Peptide synthesis in aqueous–organic solvent mixtures with α-chymotrypsin immobilized to tresyl chloride-activated agarose
Article first published online: 18 FEB 2004
Copyright © 1984 John Wiley & Sons, Inc.
Biotechnology and Bioengineering
Volume 26, Issue 10, pages 1146–1154, October 1984
How to Cite
Nilsson, K. and Mosbach, K. (1984), Peptide synthesis in aqueous–organic solvent mixtures with α-chymotrypsin immobilized to tresyl chloride-activated agarose. Biotechnol. Bioeng., 26: 1146–1154. doi: 10.1002/bit.260261003
- Issue published online: 18 FEB 2004
- Article first published online: 18 FEB 2004
- Manuscript Accepted: 19 JAN 1984
α–Chymotrypsin was immobilized with a high coupling yield (up to 80%) to tresyl chloride activated Sepharose CL-4B.The immobilized enzyme was tested for its ability to synthesize soluble peptides from N-acetylated amino acid esters as acyl donors and amino acid amides as acceptor amines in water–water-miscible organic solvent mixtures. It was found that the yield of peptide increased with increasing concentration of organic cosolvent. Almost complete synthesis (97%) of Ac–Phe–Ala–NH2 was obtained from Ac–Phe–OMe using a sixfold excess of Ala–NH2. The rate of peptide formation in aqueous–organic solvent mixtures was good. Thus, 0.1M peptide was formed in less than 2 h in 50 vol% DMF with 0.1 mg immobilized chymotrypsin/mL reaction mixture. The immobilized enzyme distinguished between the L and D configurations of acceptor amino acid amides even in high concentration of nonaqueous component (90% 1,4-butanediol). The effect of temperature was studied. It was found that both the yield of peptide and the stability of immobilized enzyme increased when the temperature was lowered. Experiments could be performed at subzero temperatures in the aqueous–organic solvent mixtures resulting in very high yield of peptide. After three weeks continuous operation at 4°C in 50% DMF, the immobilized enzyme retained 66%of its original synthetic activity.

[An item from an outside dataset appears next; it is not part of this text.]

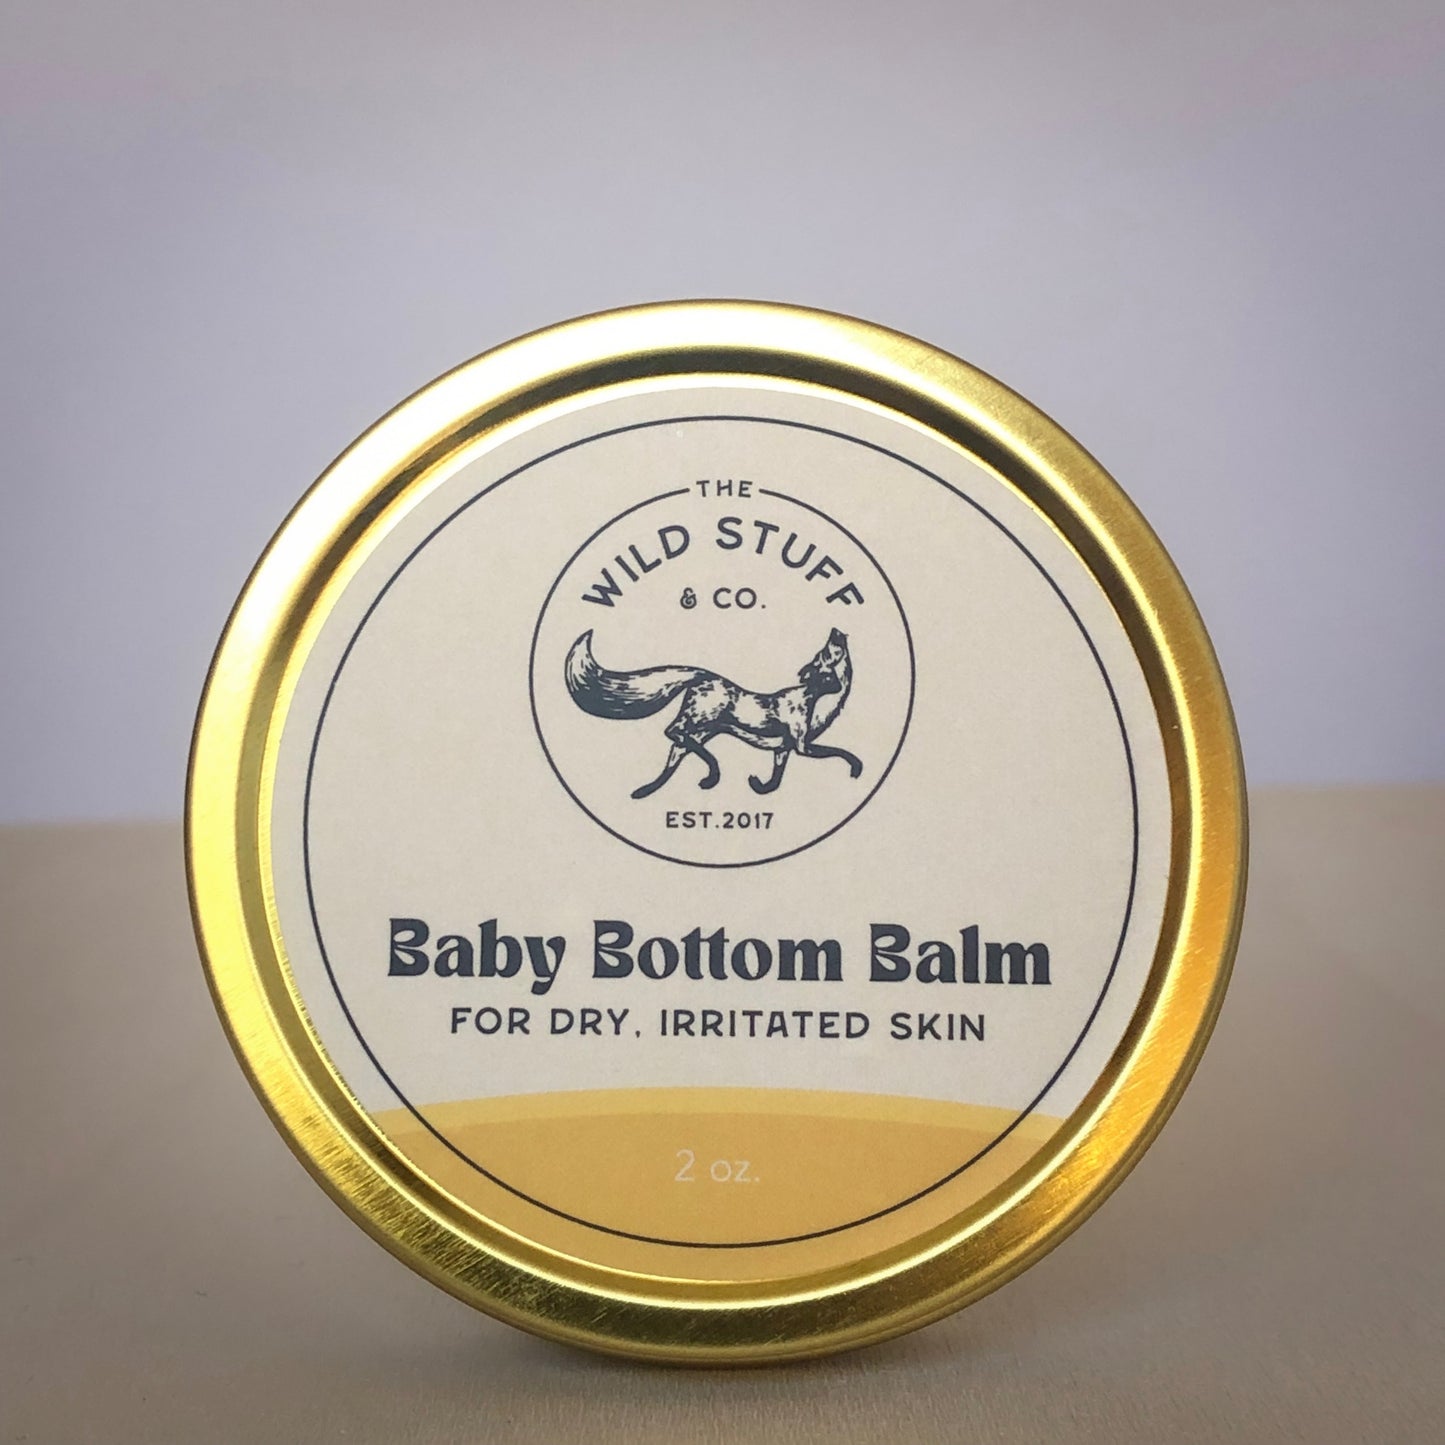 Baby Bottom Balm

The activity of the immobilized enzyme was better conserved with a preparation made from agarose with a higher tresyl group content compared to a preparation made from a lower activated agarose, indicating that multiple point of attachment has a favorable effect on the stability of the enzyme in aqueous–organic solvent mixtures. The major advantage of using water-miscible instead of water-immiscible organic solvents to promote peptide syntheses appears to be the increased solubility of substrates and products, making continuous operation possible.